4月28日

ロセンジェルス→メキシコ・シティ→リマ

 ロセンジェルスからリマまでは、アルゼンチン航空で8時間強かかる。

 成田からサンフランシスコまでの、日本語アナウンスのあったここまでの便とはうって変わって、説明等はスペイン語で、英語が補助になる。雑誌もスペイン語ばかりで全く解らない。「いよいよラテン語圏に入って行くんだなぁ。」と、わくわくしてきた。

 乗客もいかにもラテン系といった顔つきが多く、彼らは一様に荷物が大きかった。それは丈夫な黒い布製のバッグなので、空港での乱暴な扱いでスーツケースの様に投げられたら、中身は一たまりも無いだろう。

 簡単に切られて、中身を取られる可能性も高い。だからといって、「手荷物」というには、いささか大きいと思うのだが。スーツケースというのは、以外と贅沢品なのかもしれない。

 座席のシートが布張りからレザー張りになった。同じジャンボでも、グレードが下がったらしい。日本の国内線でもこんなに安っぽいシートに乗ったことは無い。「南米の国力」「コストと採算」等を考え併せると、仕方がないのかもしれない。

 尻の痛みに、今度はムレムレが加わった。防衛策としては、毛布をもう一枚もらって座布団の代わりに敷くことにした。

 ところで、機内に乗り込む時に、入口にはスチュワーデスがいたはずなのに、姿が見えない。男性つまりスチュワードばかりだ。別にサービスそのものは変わらないし、それどころか彼らの動きには、一流ホテルの様なプライドさえ感じられた。どうもスチュワーデスは、ファーストクラスの方にいるらしい。時々姿を見せるのだが、どうも動きがガサツで乱暴(対日本国内比)であることからして、これは絶対に国営航空会社だと思う。言い過ぎだろうか?

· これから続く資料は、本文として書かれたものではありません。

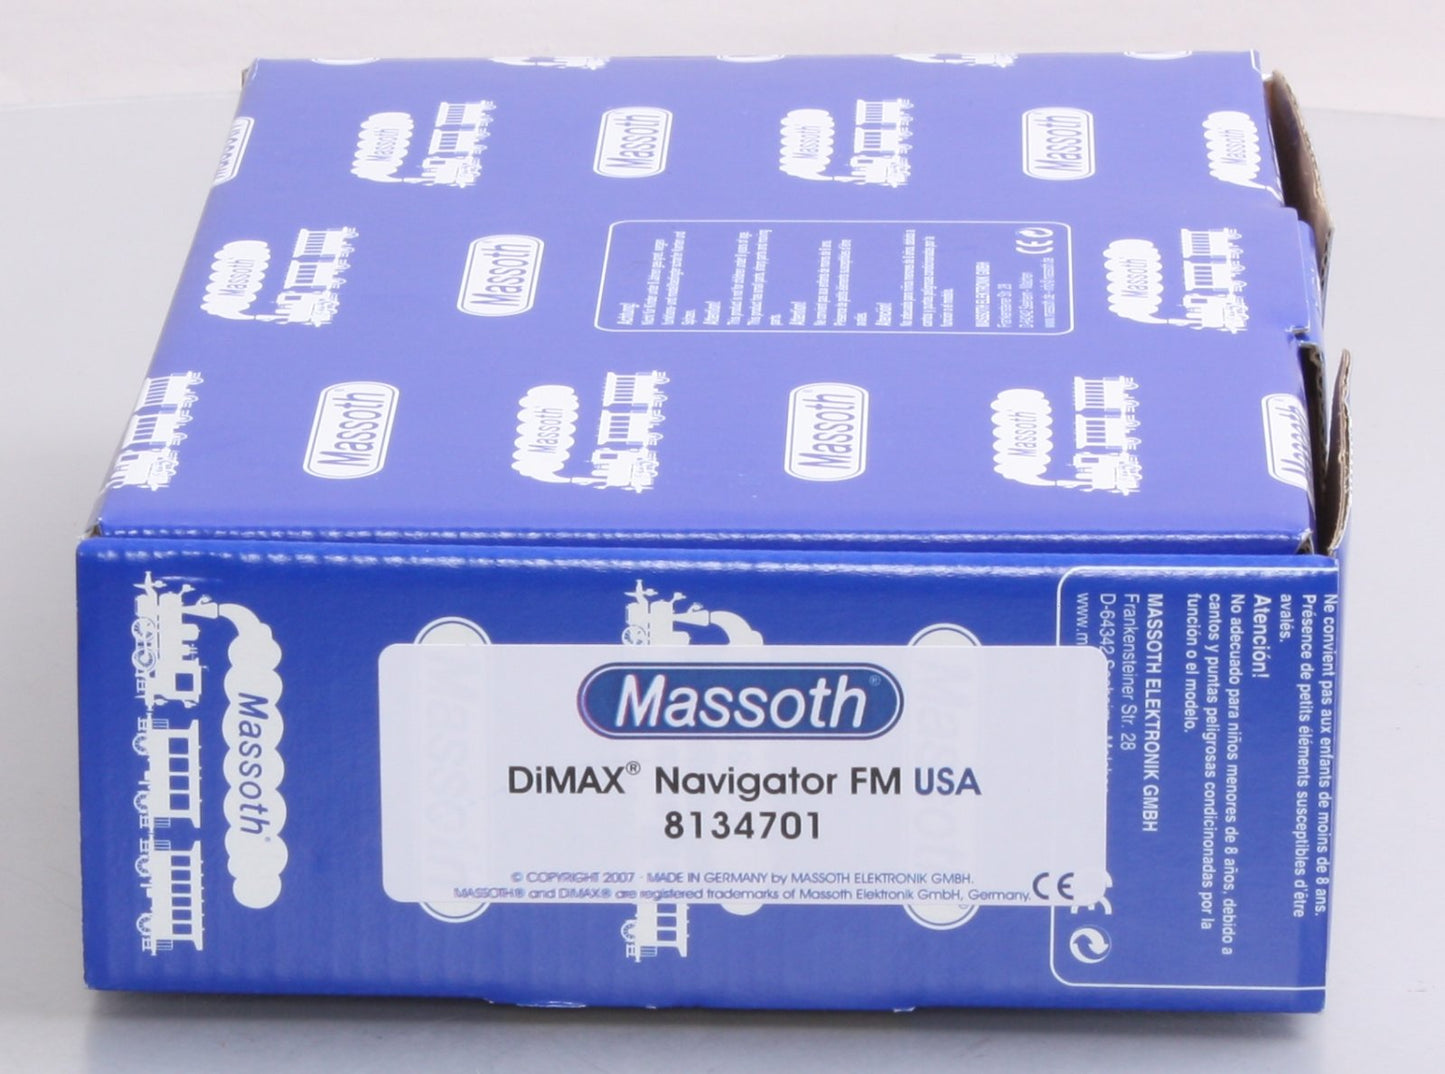 Massoth 8134701 DiMAX Navigator FM
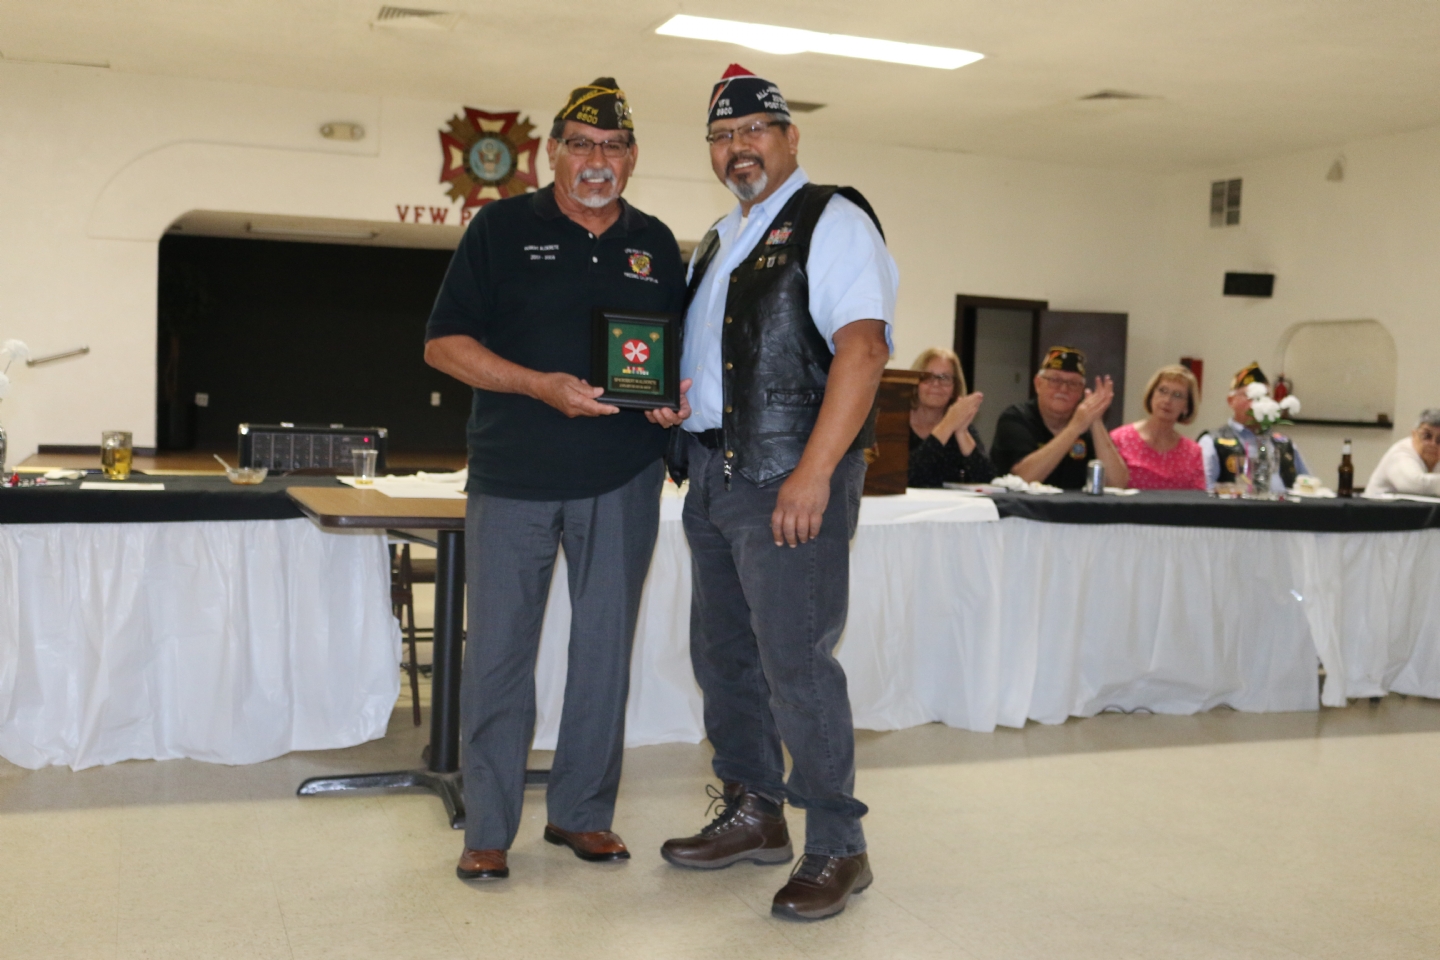 Commander Fernandez presents his Commander's Award to Senior Vice Commander Robert Alderete.

 関係ないけど機内食はおいしかった。運動不足で、段々と体がクリスマス前の七面鳥になっていくのが判る。

 前方スクリーンには、現在地点の地図が示され、南北アメリカ大陸から1000km単位まで3段階にズームインし、続いて「巡航速度」「気温」「高度」などのデータが表示される。退屈な機内に於いては、これは嬉しい。

 約3時間で、給油の為にメキシコ・シティに到着。通関はさせてくれないので、空港の中で1時間待たされた。それでも行ける範囲の探検はさせてもらった。

 免税店を片っ端からヒヤカシて回る。日本の電気製品が陳列シェアナンバーワンであった。しかしどう見ても型が1世代前の旧式が多く、自分もメーカーに勤める者として、その理由についてはあれこれと思いを巡らさずにはいられない。

 トラベラーズ・チェック(T/C)を一度使ってみたいと思い、乾電池をこれで購入してみた。ところが、見習い女性が担当するレジに並んでしまった為に、思いきり手間取って待たされてしまい、私のいるレジだけが長蛇の列になってしまった。まるで私が悪い事をしている様に、皆さんの刺すような視線が痛い。

 待合い時間も残り少なくなった頃、どこかラテン系の国の団体添乗員らしき人から、「エスパニョーラ?」と聞かれた。ウ!成田に続いて2度目だ。「ノン!ハポネス!」「Si」。国籍不明人に間違えられたのも印象に残るが、初めてスペイン語の会話が出来た事の方が嬉しかった。 日本人であることがバレなければ、結構危ないところにも、行けるかもしれないと思う。

 集合の時間になり、時計をメキシコ・タイムから、ペルー・タイムに進める。

メキシコからも乗客があったので、満席になっていた。私の隣には、かなり体格のいい男性が座った為に、私も彼もお互いに窮屈だ。彼はその太い腕を組んだまま、降ろせなくて困っていた。

 既に肩幅だけでも隣の席の領空侵犯なのだ。気の毒に思い他に空いている席は無いかと見渡すと、通路を隔てた並びに、私より一回り年長に見える細身の日本人男性が座っており、その隣が空いている。早速交渉して私がそこに移動する。

 中井さんというその方は、既に世界を見て歩いてるそうで、リマまでの5時間、話のお相手をして頂き、旅の経験談に始まって趣味や家族の事や政治問題まで、実に多くの事を語り合った。なかなかすてきな紳士だった。

 私を挟んで中井さんの反対側には、メキシコから乗ってきたパラグアイ人の賓のいいオバアチャンが、さかんに話しかけてくる。しかし、スペイン語は全く解らないので、こっちも日本語で話しかけてみた。思った通り全然通じない。この奇妙なコミュニケーションは、リマまで延々5時間続いた。